Saakashvili has also allied himself with ex-Security Service of Ukraine Chief Valentyn Nalyvaichenko’s Justice party, lawmaker Viktor Chumak’s Wave party, lawmaker Sergii Leshchenko’s Democratic Alliance and lawmaker Yuriy Derevyanko’s Freedom party.
Kyiv rally
Saakashvili called on Poroshenko to resign if he does not meet demands that are to be voiced at the Oct. 17 rally in Kyiv.
“We will calmly give our demands to the president on Oct. 17,” Saakashvili said. “We’ll tell him ‘if you meet them immediately, you can serve until the end of your term, and maybe the people will even give you the chance of serving a second one. But if he doesn’t meet those demands and keeps fooling us, I’ll tell him ‘I resigned once, and maybe you’ll also step down.”
Saakashvili was referring to his decision to resign as president of Georgia ahead of schedule in 2007 during large-scale protests. He was re-elected for a second term in 2008.
“Don’t make a tragedy out of this,” he said. “They say that (Russian dictator Vladimir) Putin will come here if (presidential allies) Ihor Kononenko and Oleh Hladkovsky and (tycoon Rinat) Akhmetov are no longer in place.

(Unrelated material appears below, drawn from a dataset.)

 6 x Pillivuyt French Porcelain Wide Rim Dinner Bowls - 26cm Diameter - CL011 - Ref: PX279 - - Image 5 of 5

But I think those who are killing Ukraine are paving the way for Putin. I think our poverty is paving the way for him.”
Saakashvili also talked about his breaking through the Ukrainian-Polish border on Sept. 10, which was preceded by Poroshenko’s decree to strip him of citizenship in what Saakashvili deems to be a politically motivated, illegal and unconstitutional measure. Ukrainian authorities have so far refused to give Saakashvili documents specifying the grounds for his loss of citizenship.

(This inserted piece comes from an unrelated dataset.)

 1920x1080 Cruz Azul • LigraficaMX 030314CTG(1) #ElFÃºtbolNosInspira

“They said they won’t let me in, and threatened to open fire,” he said. “But the people of Ukraine were passing by, took out the key to the border, opened it, and let me in. And that’s the way this will happen everywhere. The keys not only to the border but also to the Verkhovna Rada and the Presidential Administration must belong to the people, and they will open these doors and look inside, because there’s a bad smell coming from them.”